As a university, we have a huge number of advantages including our multi disciplinarity and federated structure. Our approach to AI innovation cannot be directive, but one that enables and supports. We want to ensure people have the resources they need, know where and how to ask the right questions, and get to the right use cases for AI. A distributed governance body responsible for enabling AI tool development while offering guidance on boundaries and parameters to ensure AI is used safely and responsibly will complement our platform approach and empower AI at UT. All the while encouraging and seeding innovation across campus.

I am incredibly optimistic and excited about the work that lies ahead. I know we can build an AI ecosystem that will continue our strength and reputation as a world-class institution.

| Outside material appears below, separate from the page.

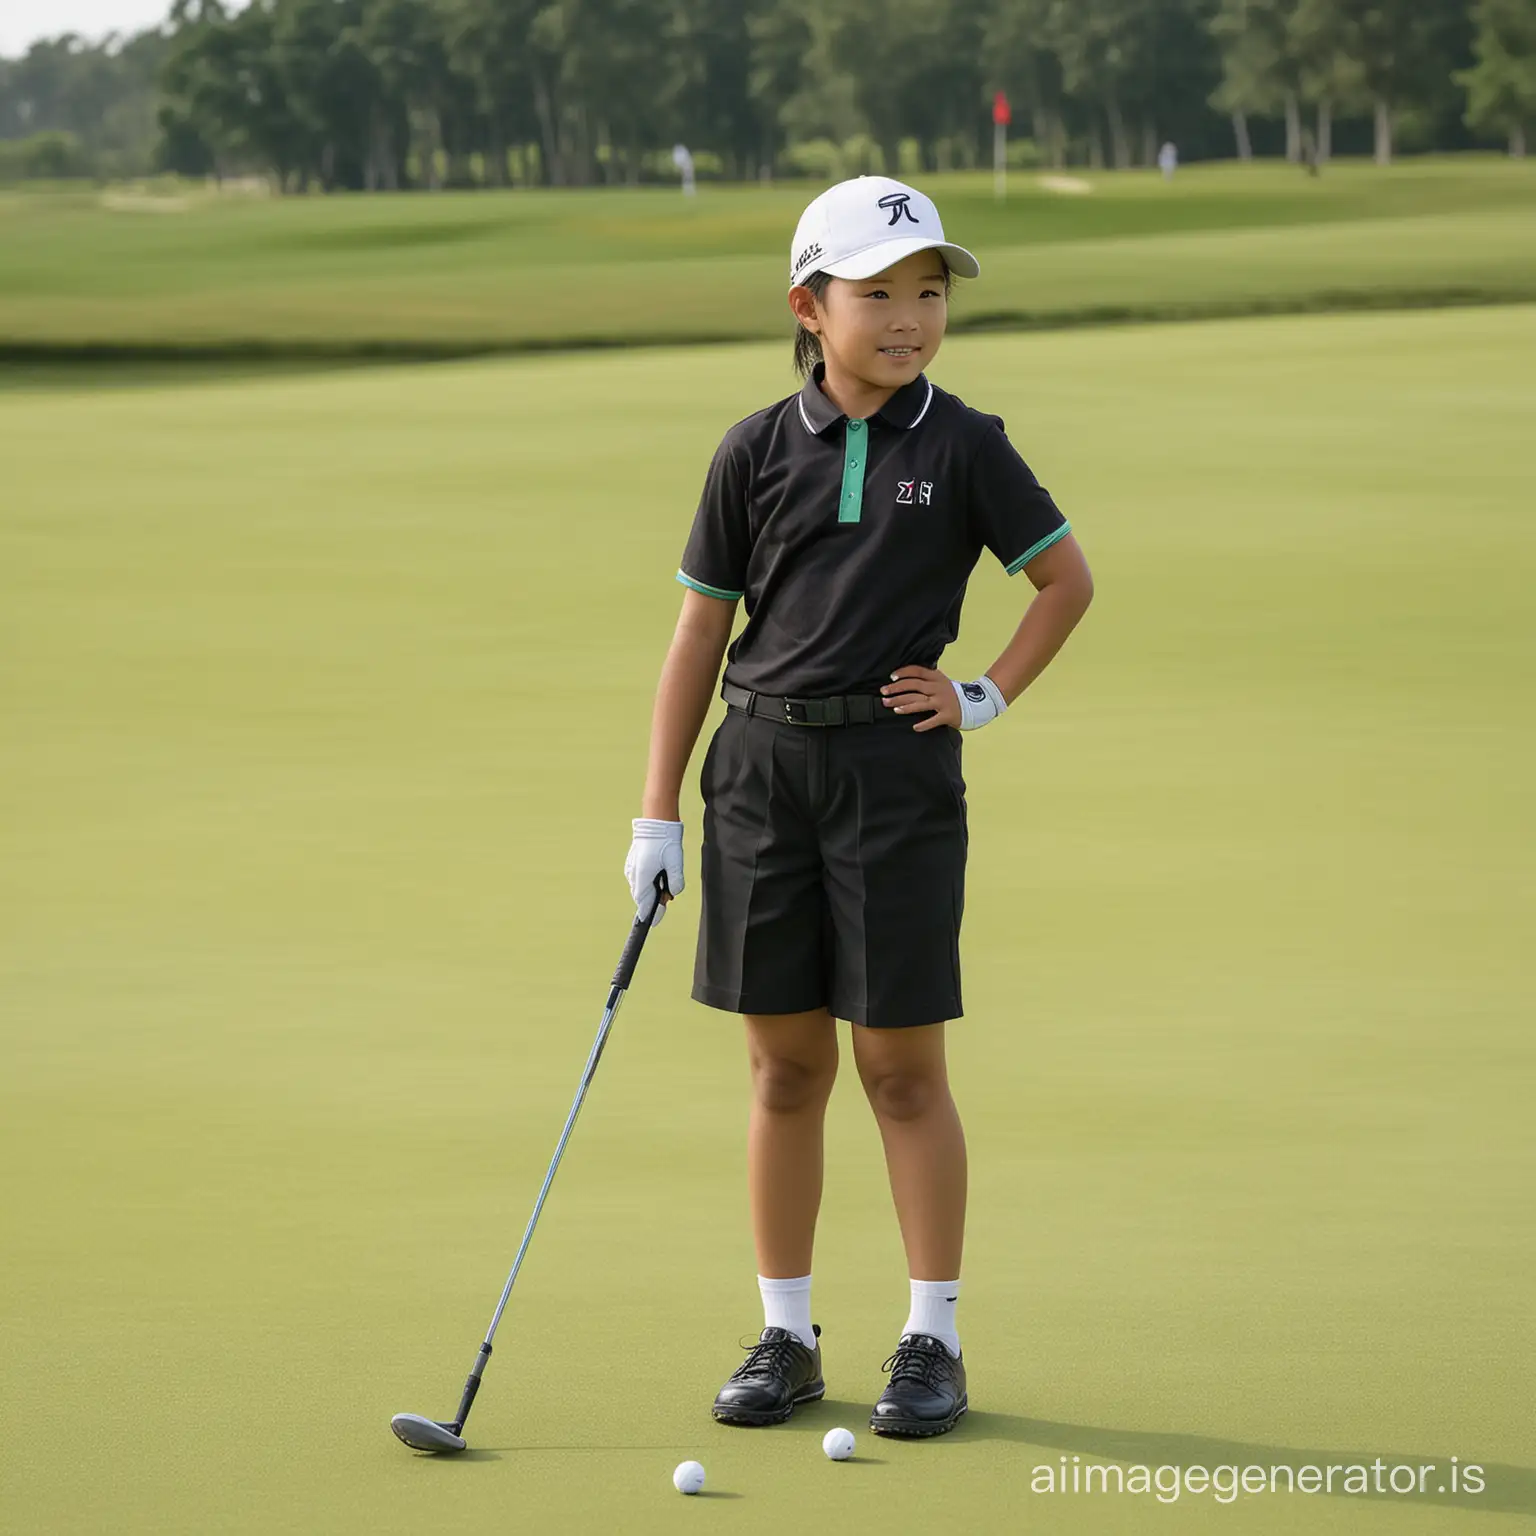 Young-Asian-Golfer-Practicing-on-the-Fairway

Advancing the AI Revolution: What’s Next?

For the last several years, I have tried not to be in the business of chasing trends. My early days leading ed tech organizations, I was always looking to adopt the next digital promise — the use of the internet, the new world that Web 2.0 gave us, mobility, tablets, blah. I’ve done a lot of thinking about the impact of all that evangelism and much of it isn’t immediately measurable. Disruptive technology is often an investment in future returns, but it requires playing a longer game. With AI, I’m not sure if that holds true — the returns may be much more immediate.

To me, that nudges me toward thinking more about the diffusion of AI to as diverse of a population as possible across campus. In today’s world, I can’t think of another digital investment one could make to immediately advance human potential holistically. Can you?

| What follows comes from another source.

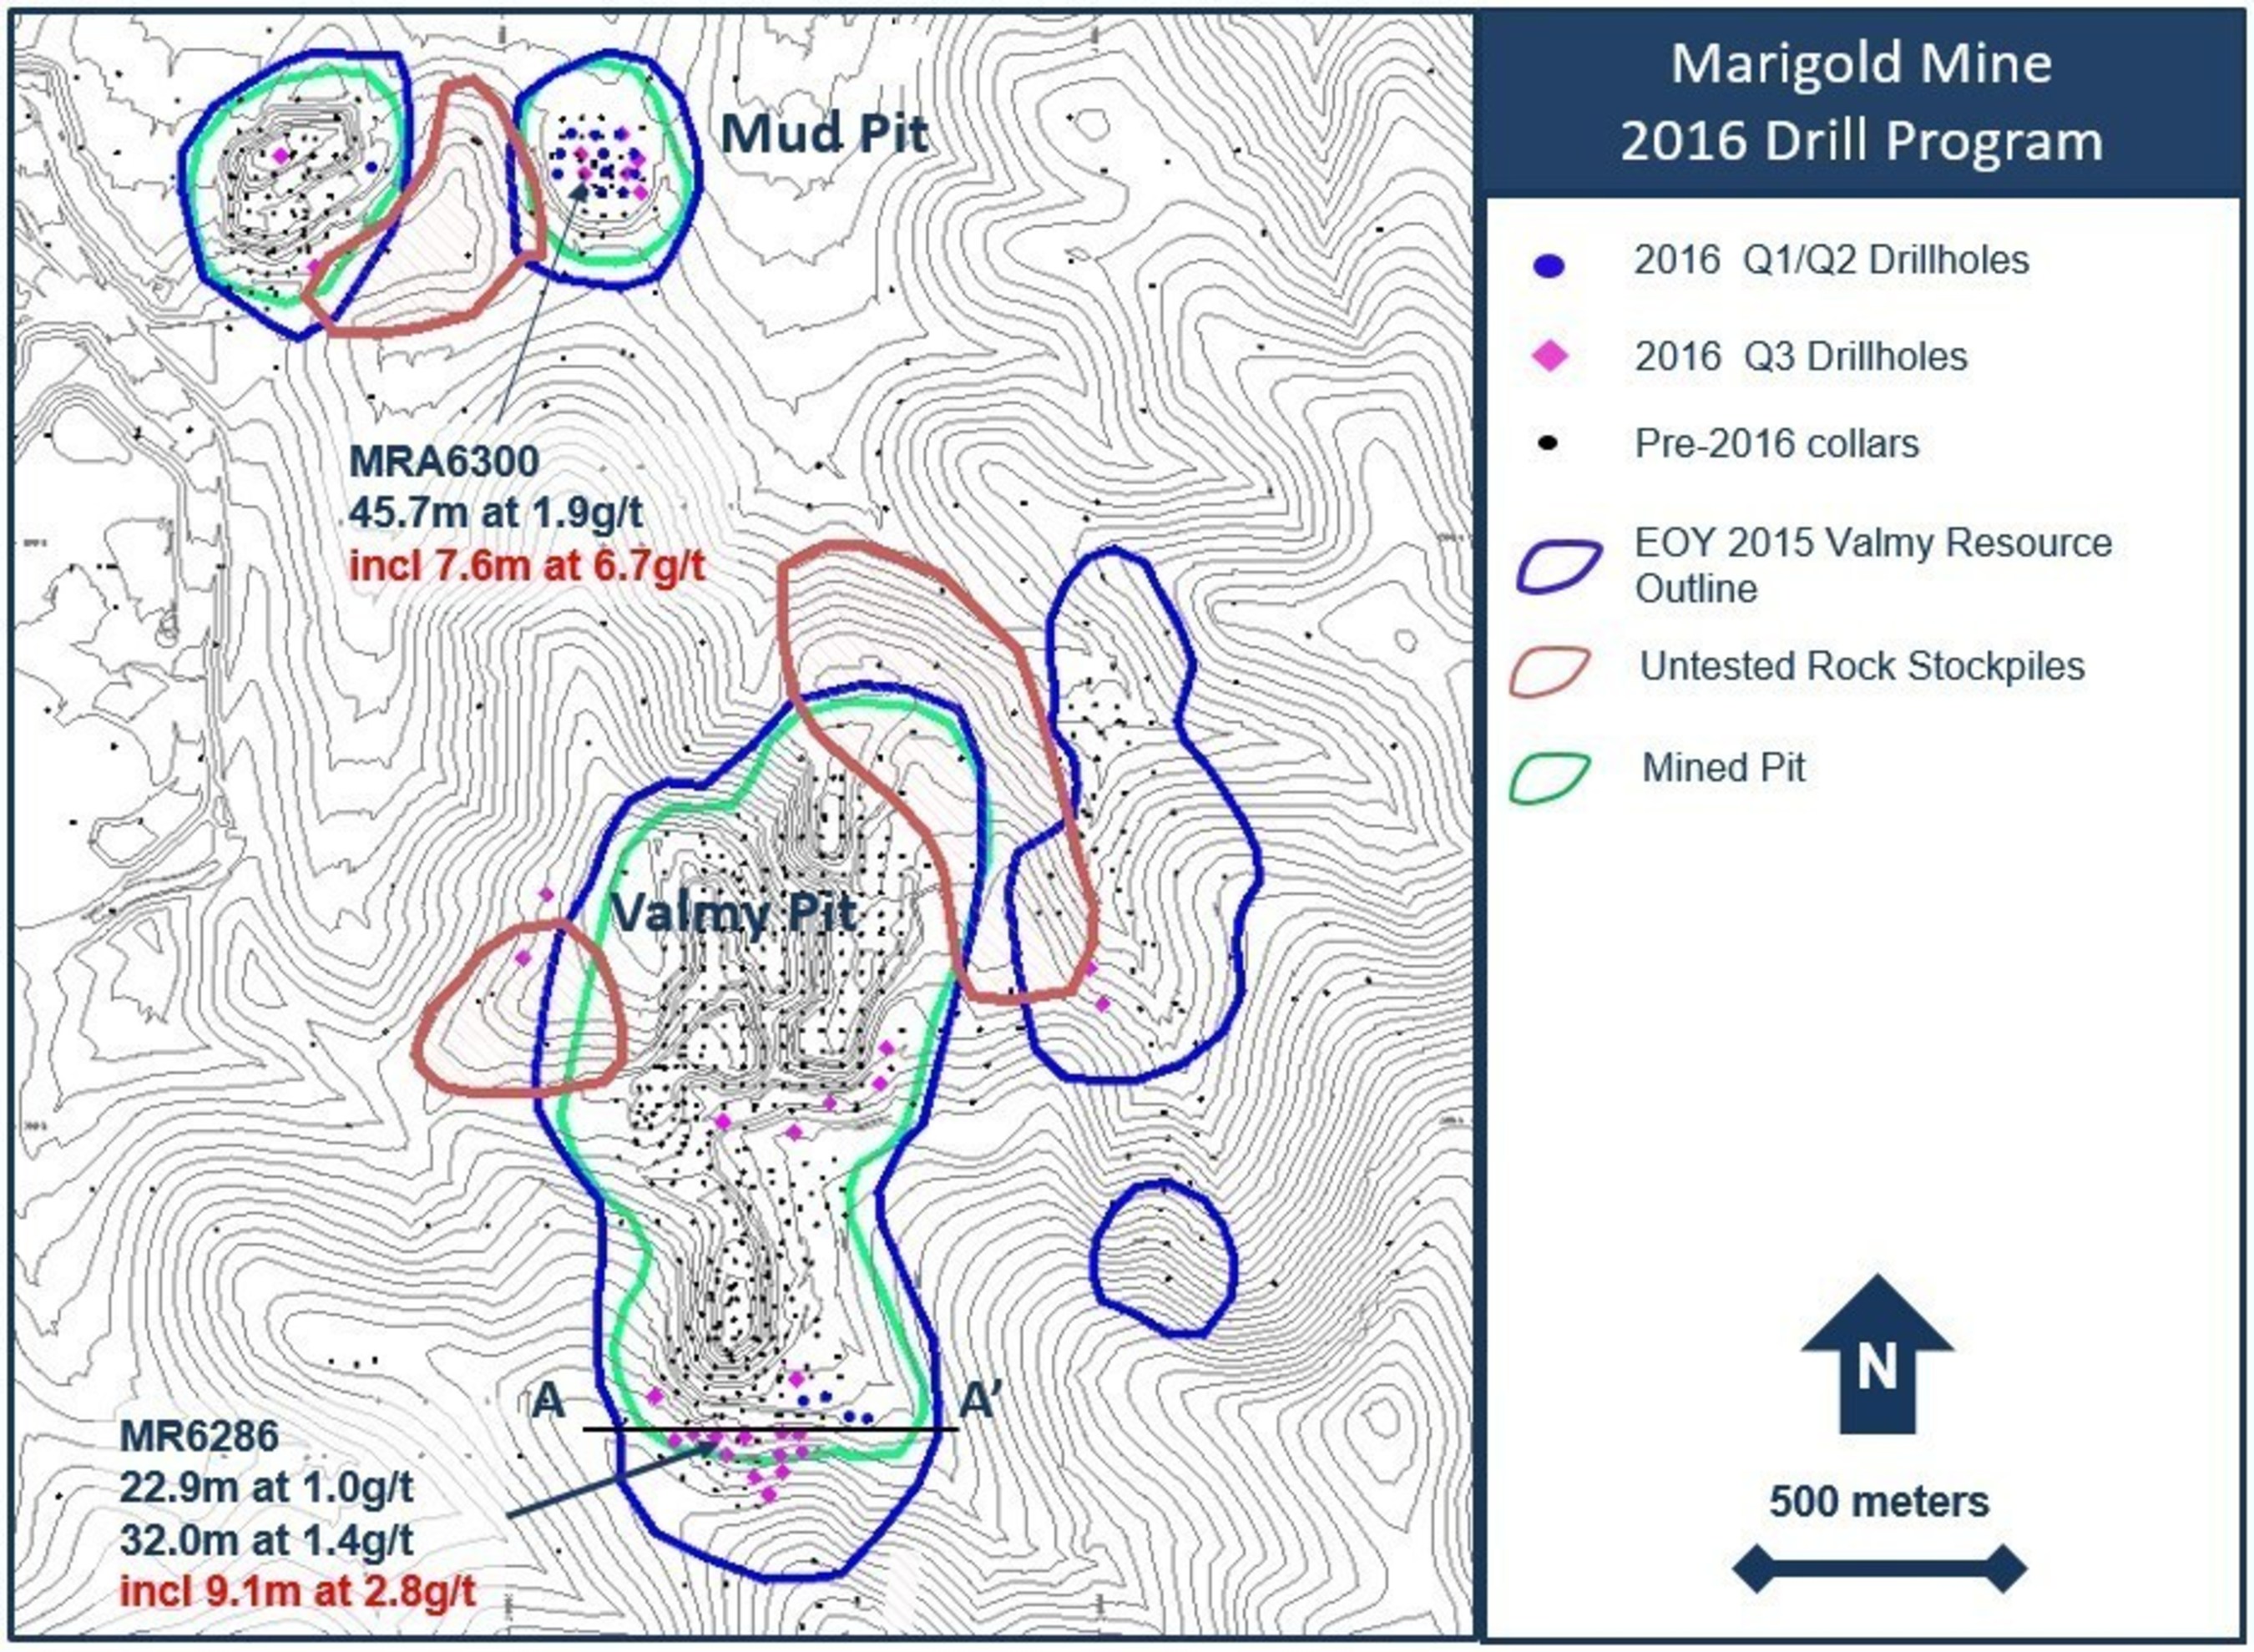 Figure 2. Drillhole location plan map for the 2016 exploration drill program at the Valmy property, Marigold mine, Nevada, U.S.

Three principles emerge in my mind: shrinking the digital divide, scaling AI expertise, and building strategic partnerships that fuel innovation.

  1. Shrinking the Digital Divide: AI has the potential to change everything, but only if we make it accessible. Providing AI tools to all members of the community will foster creativity at scale, from every possible perspective.
  2. Scaling AI Expertise: We are a community that’s engaged, curious, and ready to make change. Our advantage is that community. We should be scaling the expertise that’s already here and providing thought leadership across campus.
  3. Building Strategic AI Partnerships: I know that what we plan to do will require partnerships and that is how I am approaching these opportunities. I believe as the ways that we operate will only improve by leveraging this moment to modernize operations and infrastructure.

Here we are back to the start of something new. We get to build it from the ground up. That’s pretty exciting.